Step 4: the two branches eventually yield two results, which can also be weighted and summed as in the normal dual stream approach. Since the model can perform information fusion at an earlier stage, the accuracy of simultaneous prediction of two branches in a common dual-stream model can be achieved or even exceeded by performing video classification only by using the result of RGB branch, and at the moment, the optical flow branch does not need to perform subsequent operation (indicated by a dotted line in FIG. 2), a large number of parameters are saved, so that the model is very efficient. In addition, if the prediction precision is further improved by simultaneously adopting the two branch results of the model.

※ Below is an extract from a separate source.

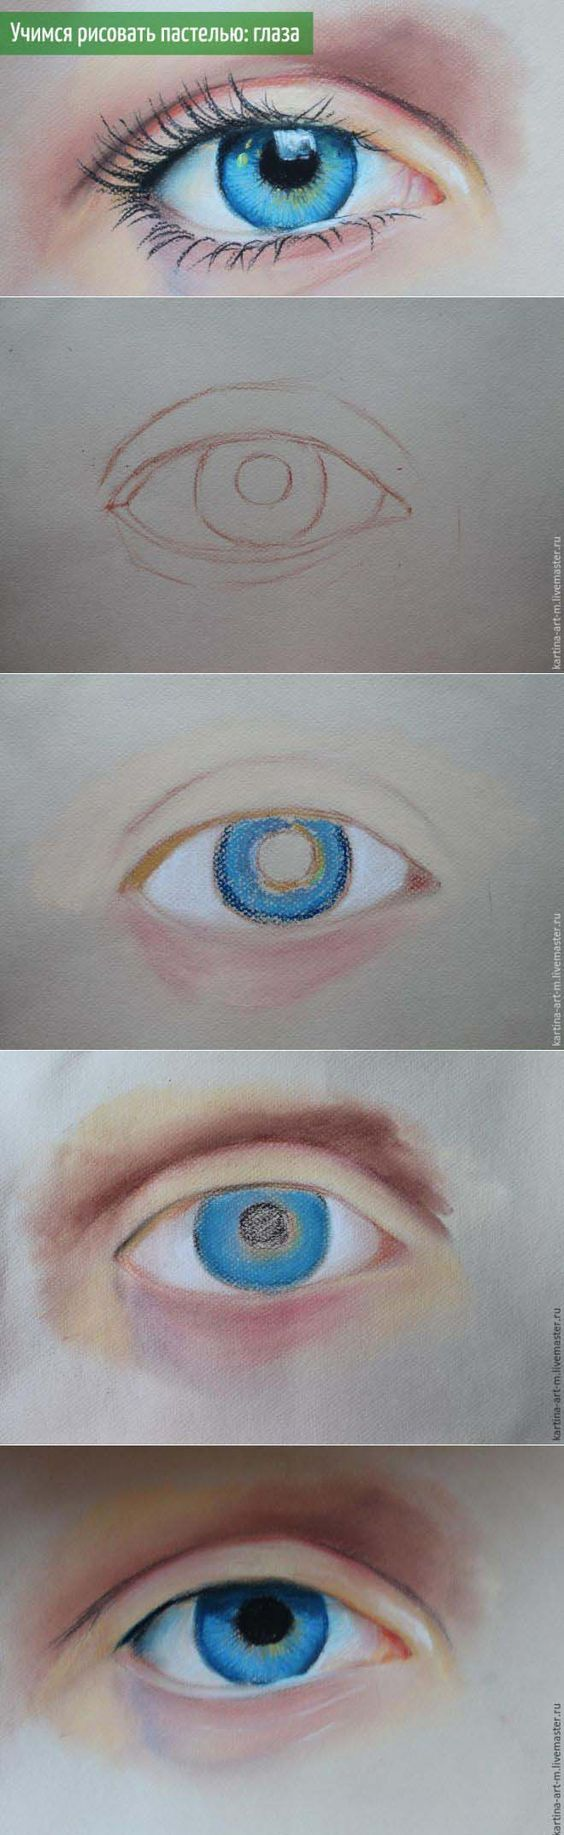 Рисуем глаз пастелью #painting #drawing #crayon #tutorial: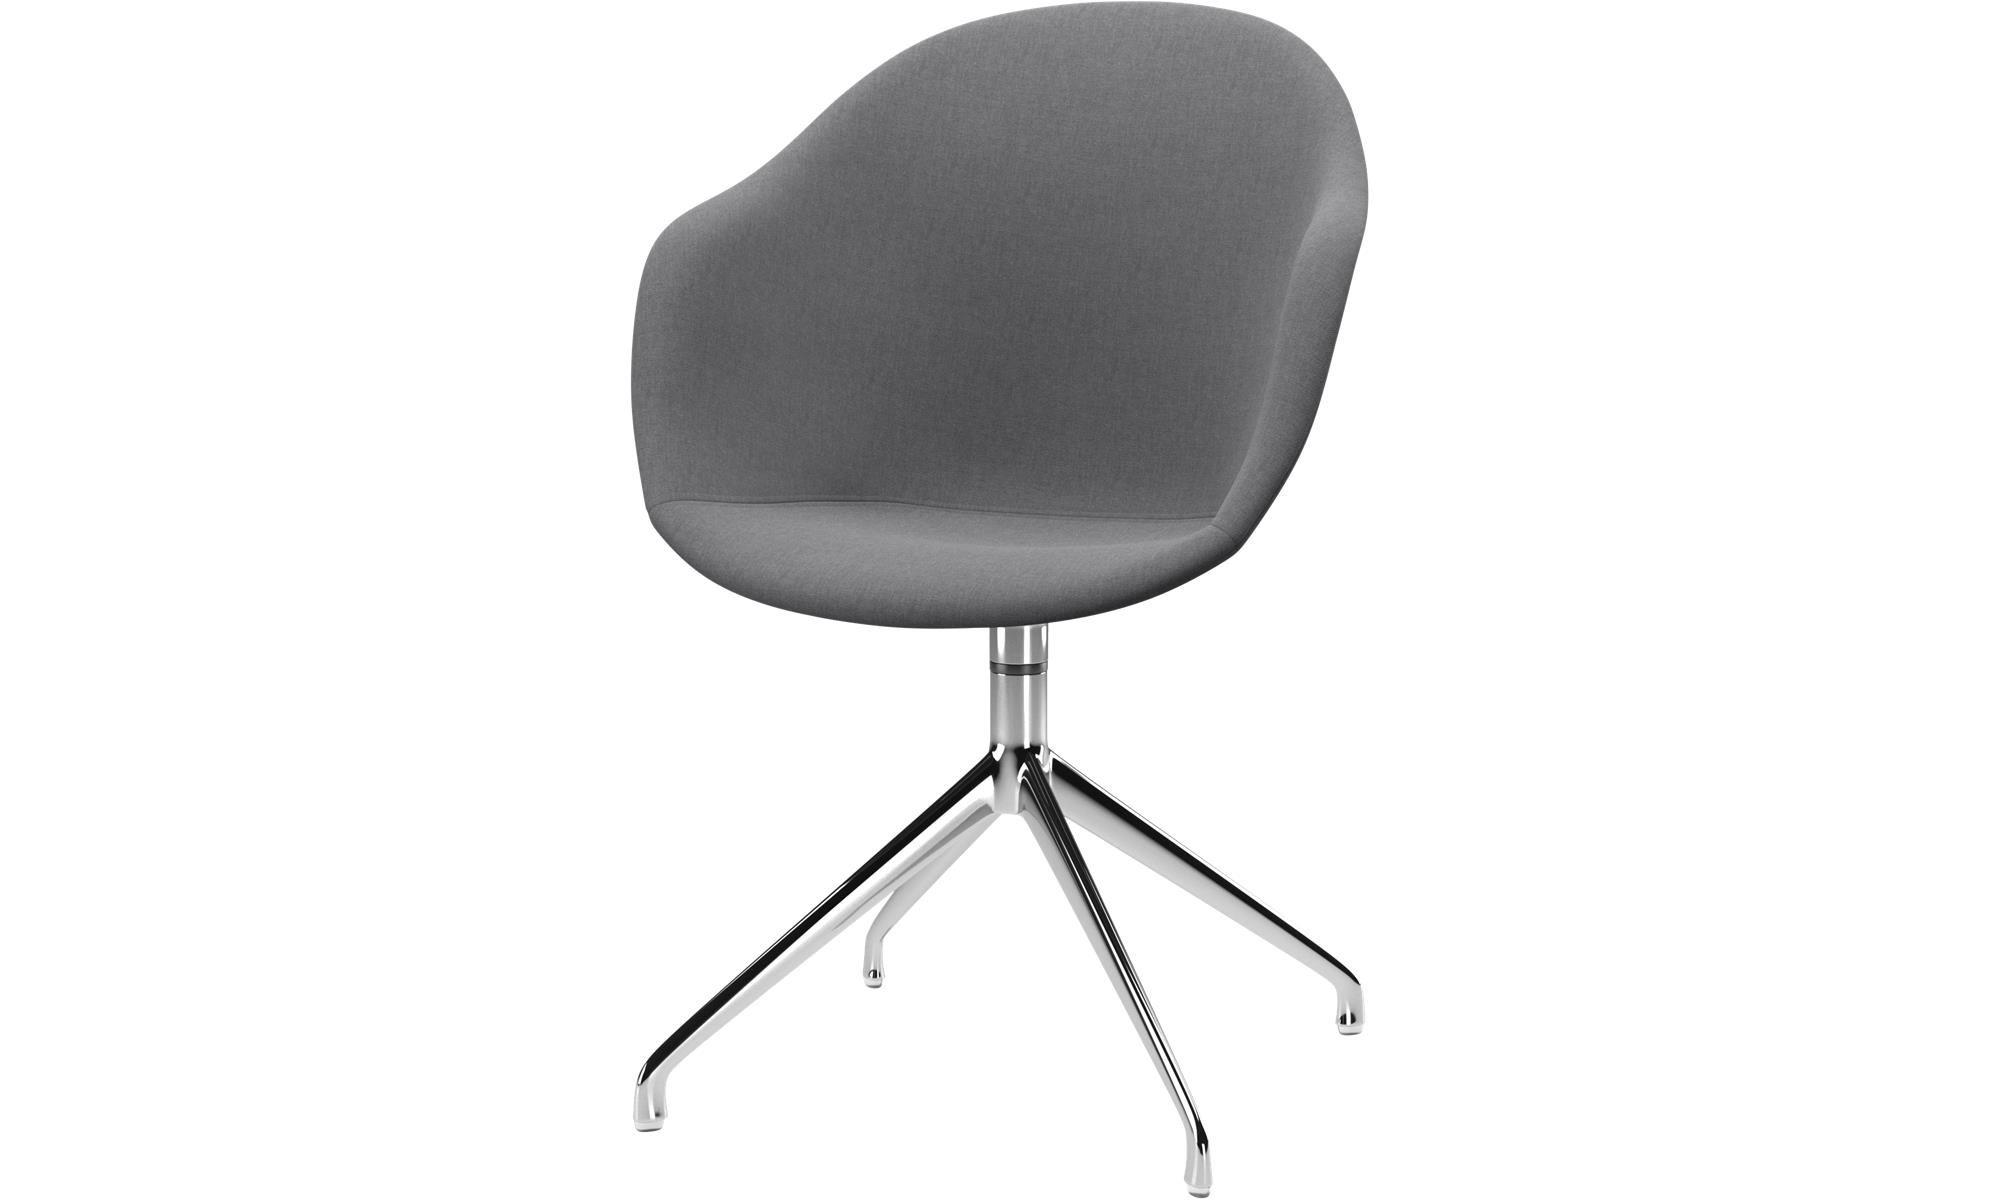 Unsere Neuheiten   Adelaide Stuhl mit Drehfunktion   Grau   Stoff   Esszimmerstühle, Stühle, Modern

Based on the same inventive concept, the invention also provides a double-current video classification device based on a cross-mode attention mechanism corresponding to the method, which comprises the following steps:
the network construction module is responsible for establishing a neural network structure of the RGB branch and the optical flow branch, and comprises a cross-modal attention module;
the data processing module is responsible for obtaining RGB and optical flow according to the video to be classified and inputting the RGB and optical flow into the neural network structures of the RGB branch and the optical flow branch respectively;
the information fusion module is responsible for carrying out information interaction on input RGB and optical flow, and the neural network structures of the RGB branches and the optical flow branches through the cross-modal attention module to realize cross-modal information fusion;
and the video classification module is in charge of performing video classification according to the result of information fusion obtained by the neural network structure of the RGB branch and the optical flow branch.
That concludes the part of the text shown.